## The data
┌────────

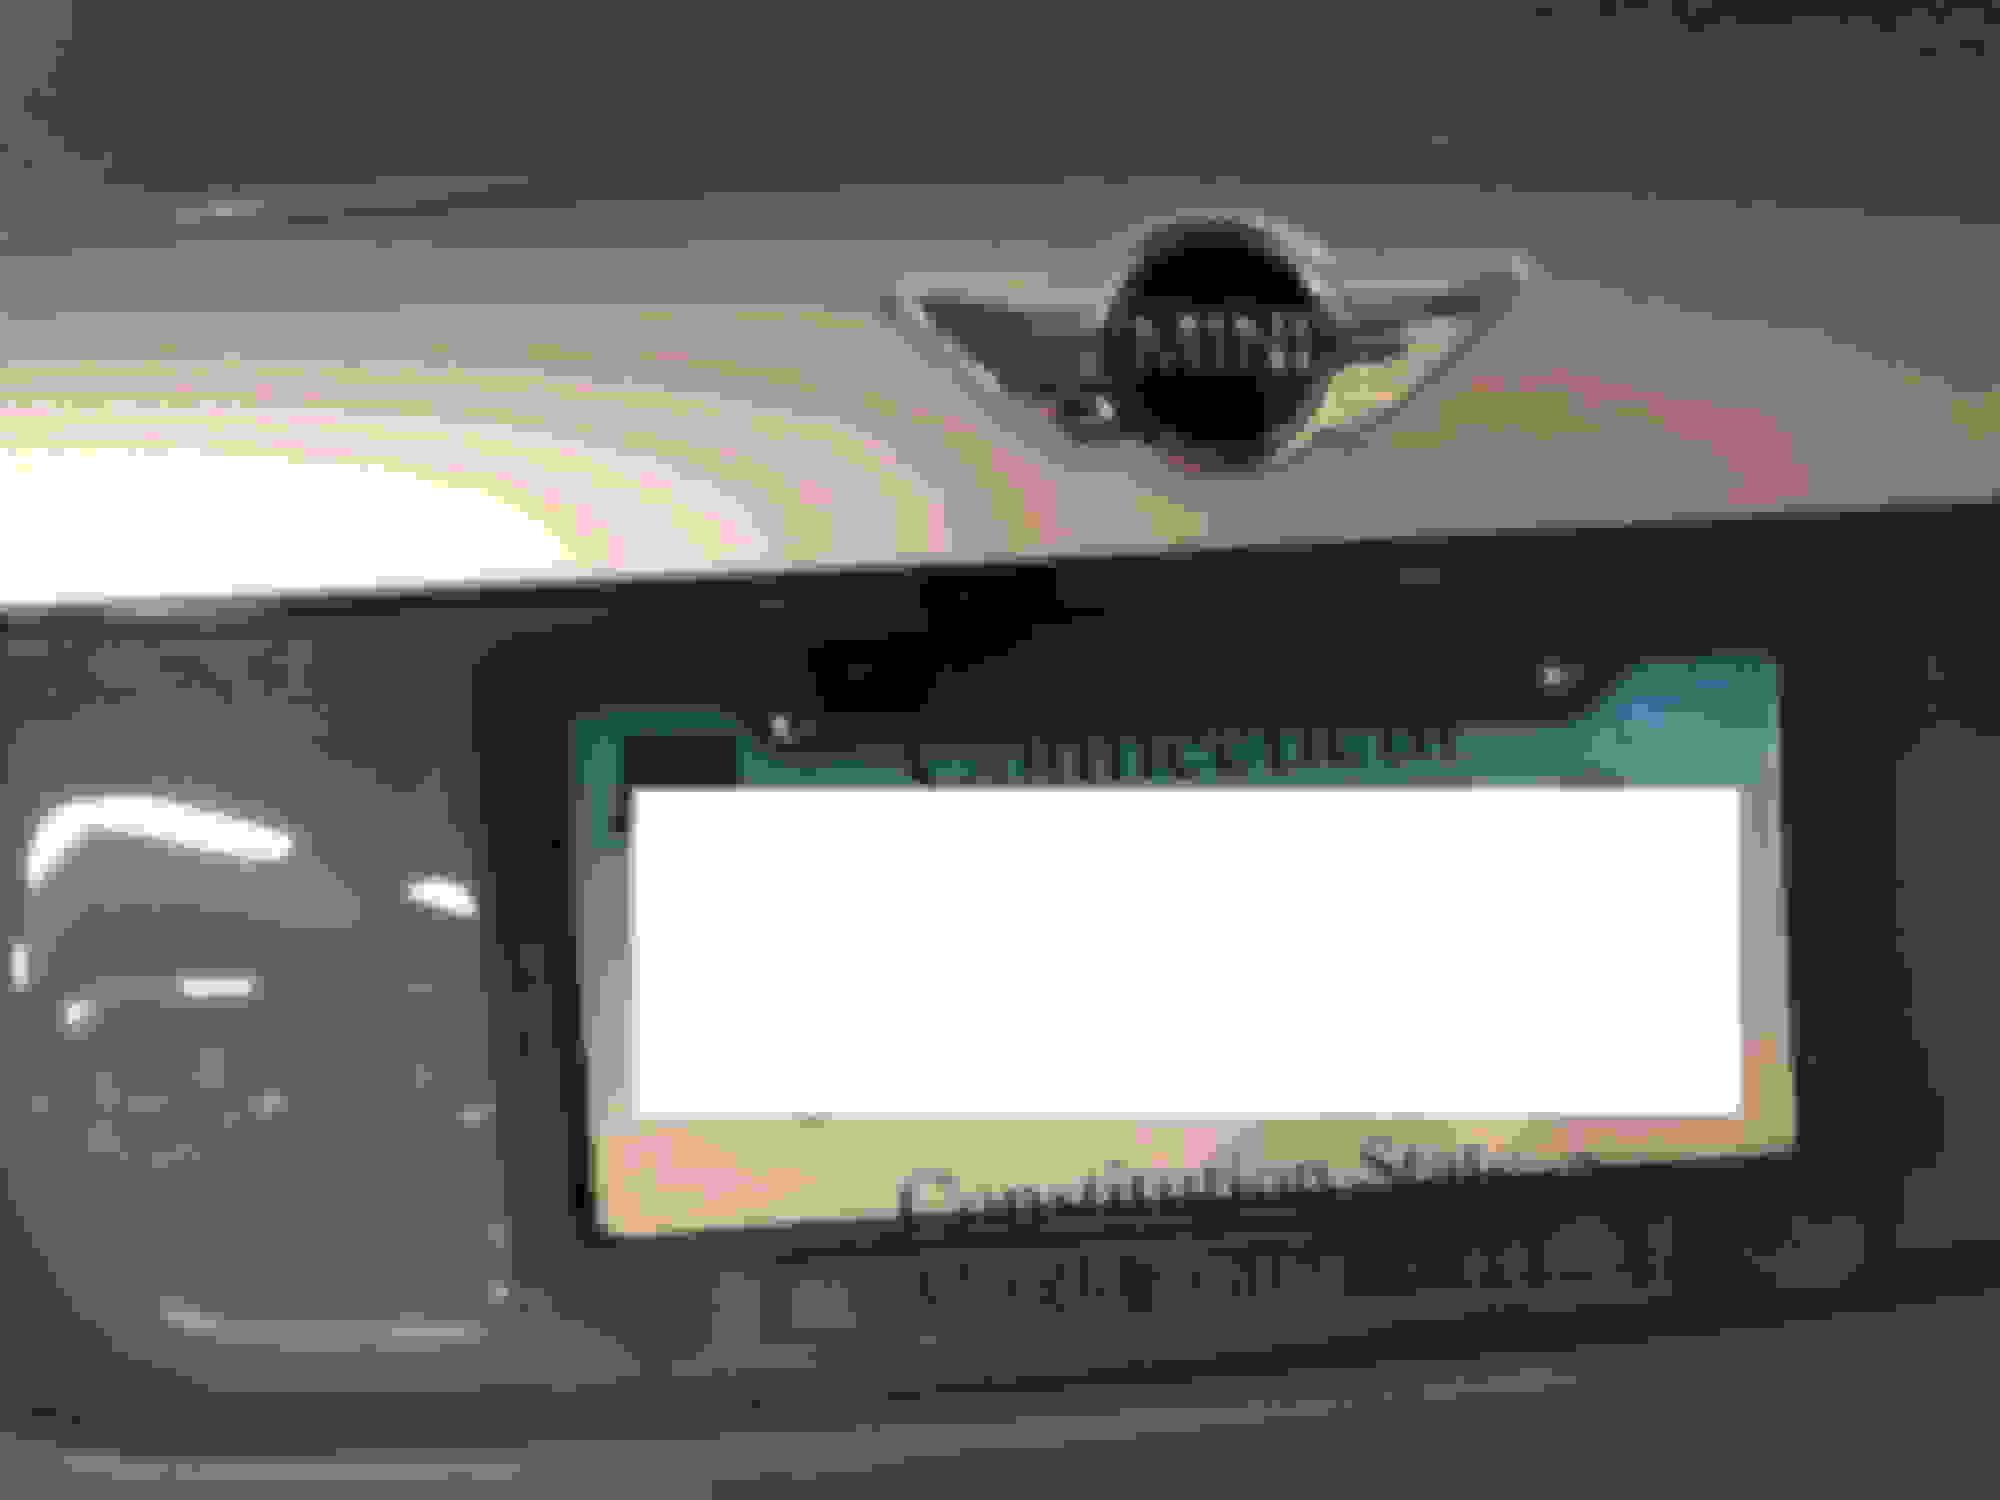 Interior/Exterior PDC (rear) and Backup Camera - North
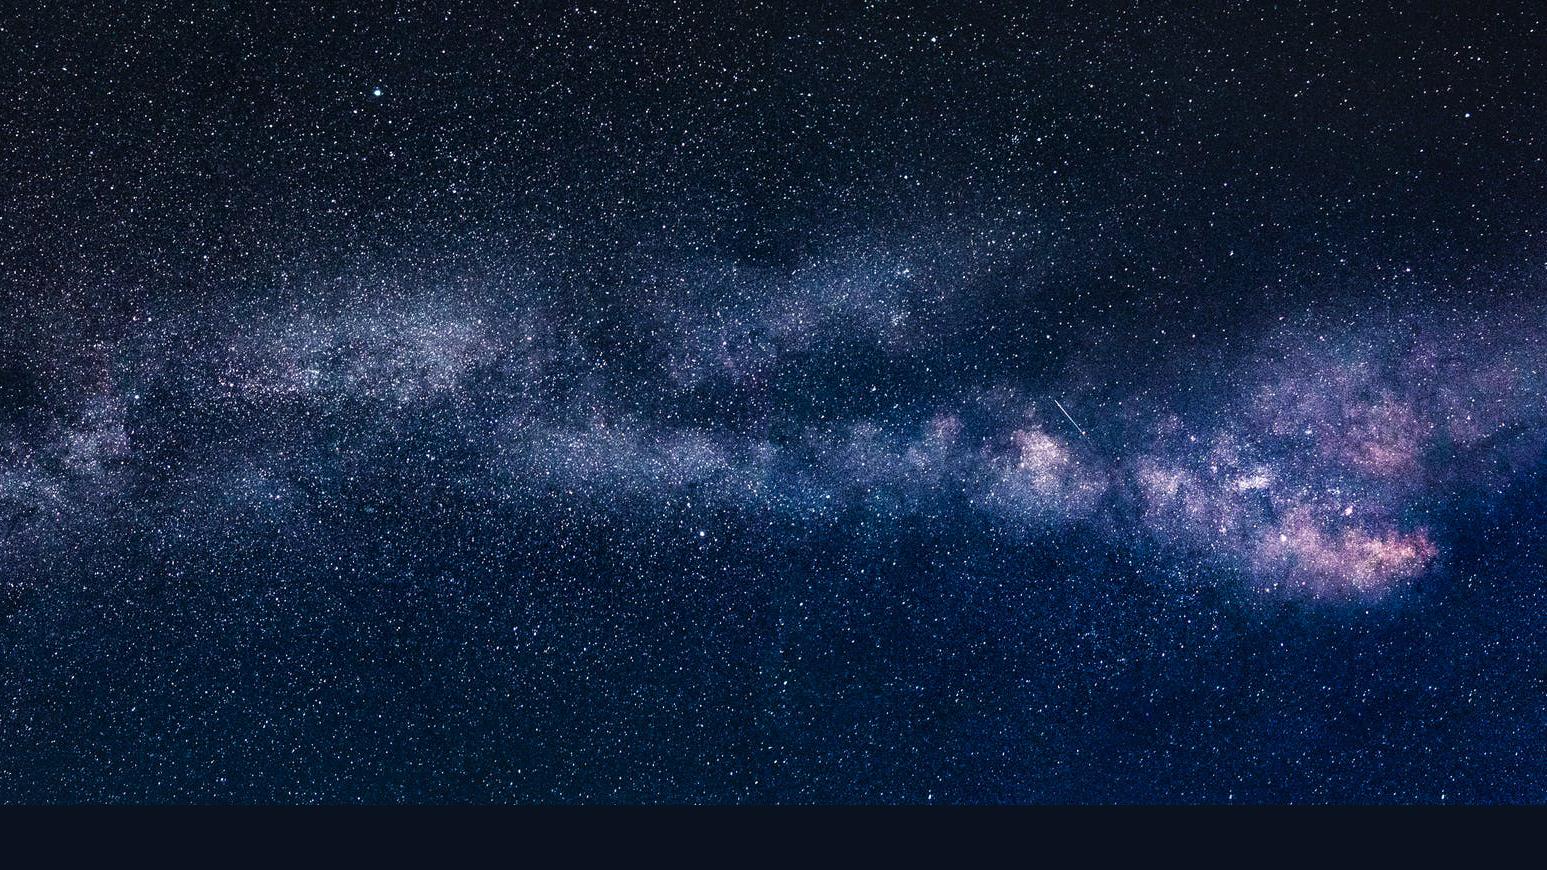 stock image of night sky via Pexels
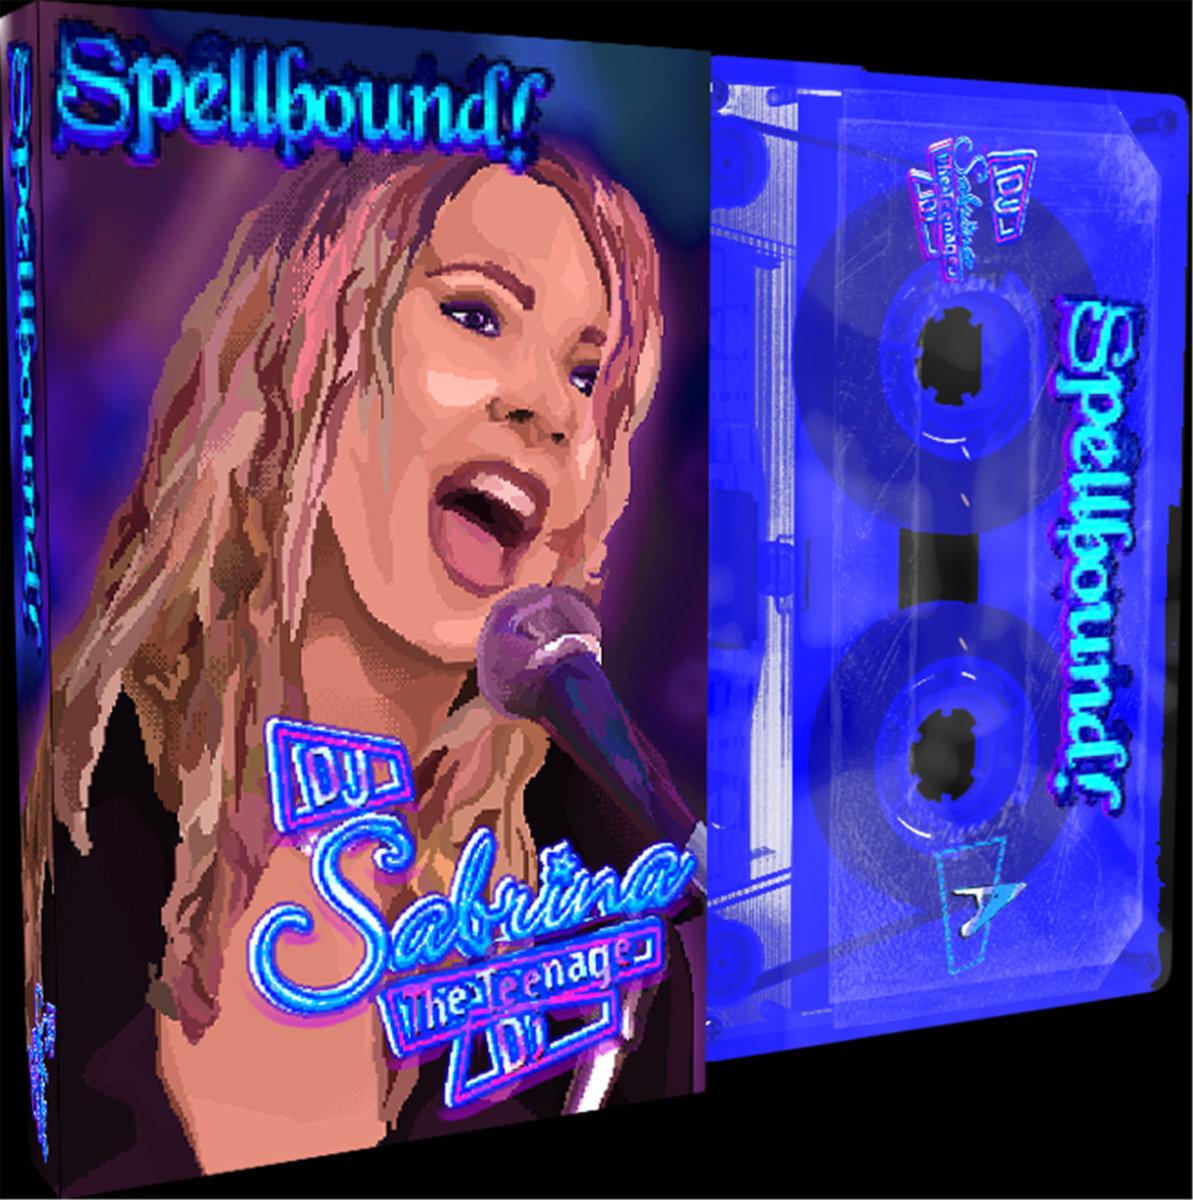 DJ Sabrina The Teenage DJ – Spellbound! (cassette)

└────────

## Task statement
Would you please give the material above again, unchanged but without pictures?

## Result
 Interior/Exterior PDC (rear) and Backup Camera - North
 stock image of night sky via Pexels
 DJ Sabrina The Teenage DJ – Spellbound! (cassette)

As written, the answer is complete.